Update: Mahalla textile workers suspend strike pending response from company administration
Thousands of Mahalla Textile Company workers suspended their two-week strike on Sunday after a representative of the company pledged to provide a response to their demands for payment of a delayed annual bonus and an increase in their share of the company’s profits within a week.
One of the striking workers who spoke to Mada Masr on condition of anonymity said that the workers will resume the strike if the company does not respond to their demands in the agreed timeframe.
The agreement was drafted and signed by six members of Parliament who played a part in brokering an agreement to end the standoff. One of the MPs told Mada Masr that they had reviewed the workers’ demands with the Mahalla Textile Company management, and that a decision is expected within a week.
The MPs also pledged to submit a request to Parliament to include public sector companies in the motion to grant civil service workers a 10-percent social bonus.
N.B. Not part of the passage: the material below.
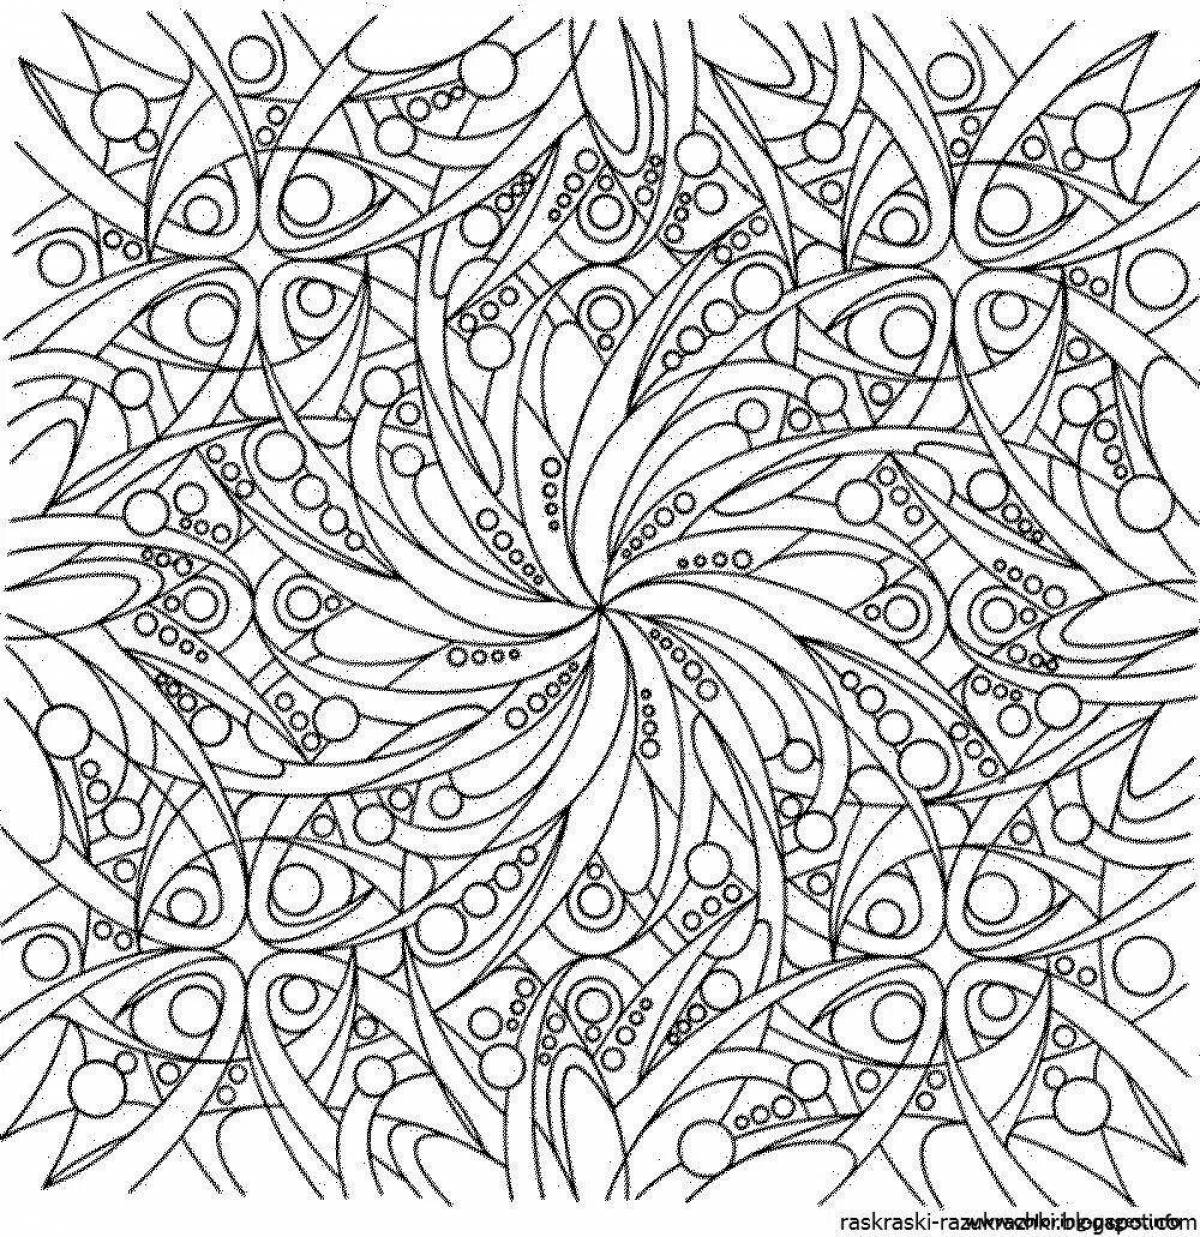 Stimulated coloring book for adults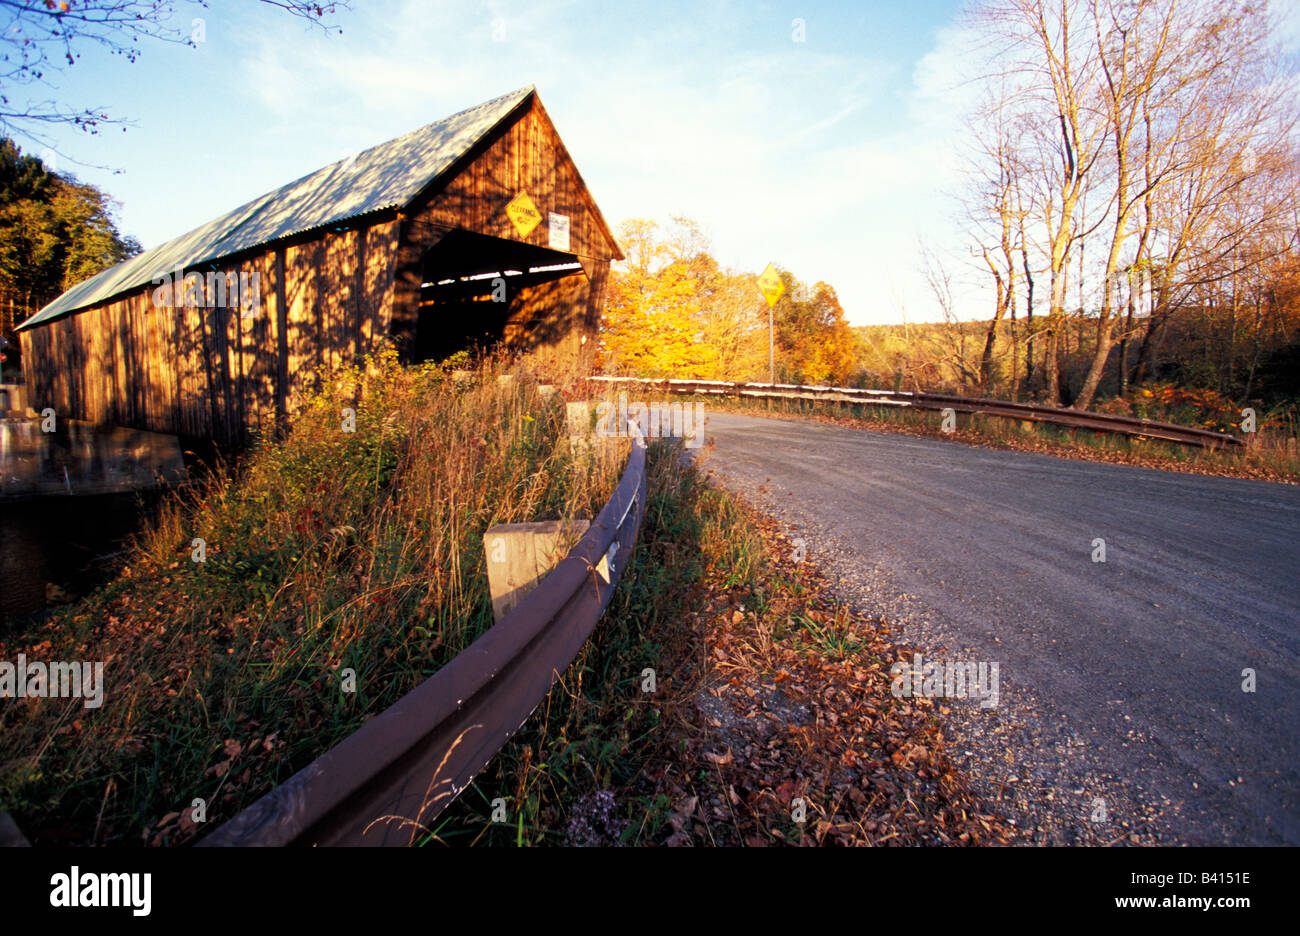 North America, United States, Vermont, Woodstock. The Lincoln Covered Bridge built in 1877 in the Pratt Truss style. Stock Photo

In a Sunday morning meeting, the company had tried to convince delegates from among the textile workers to resume work, which they initially refused.
A textile worker told Mada Masr on Sunday morning ahead of the strike suspension, also speaking on condition of anonymity, that the company’s premises were surrounded by a significant number of state security forces, but he qualified that there had not been an attempt to forcibly end the worker’s action.
Around 16,000 workers initiated the strike on August 6, calling for the payment of their delayed annual bonus, an increase in their share of the company’s profits, as well as other demands related to promotions and food allowances.
Both the company’s administration and the Manpower Ministry initially rejected the workers’ demands. Holding Company for Textile and Weaving head Ahmed Mostafa was quoted in the privately owned Al-Masry Al-Youm newspaper as saying that the workers must end the strike before the administration will conduct any negotiations concerning their demands, in addition to accusing them of being members of the banned Muslim Brotherhood.
Public Business Sector Minister Ashraf al-Sharqawy told the state-owned Al-Ahram newspaper that the ministry will not consider the workers’ demands unless they end the strike and resume production. He added that the workers do not deserve the two bonuses they are demanding, as they are only paid to those who work in the state’s administrative bureaucratic body.
The workers were scheduled to receive their annual bonus in July, a payment that amounts to 10 percent of their salaries, and decided to strike a month after its failure to be dispensed. According to the workers’ lawyer, the company was a year late in handing out bonuses in 2016, a fact that prompted workers to take action when they felt that their payment would be delayed again.
A number of members of Parliament representing Mahalla and the nearby city of Samanoud met with Mostafa days ago in an attempt to mediate the conflict. MP Mohamed Abdou told Mada Masr on Tuesday that Mostafa has insisted that workers return to their stations without offering them any concessions.
“We did not accept this direction and we some concessions be offered to the workers before the resumption of production, but the head of the company refused, for fear of encouraging the rest of the holding company’s workers to organize more strikes,” Abdou said.
Mahalla Textile Company workers have protested several times in the past decade, with the first strike occurring in December 2006 followed by another the following year. The workers did not strike on April 6, 2008, in the 2008 Egyptian general strike, but the city was the site of larger demonstrations to protest security forces’ intervention in strikes. The company workers have organized at least one strike each year between 2012 and 2015.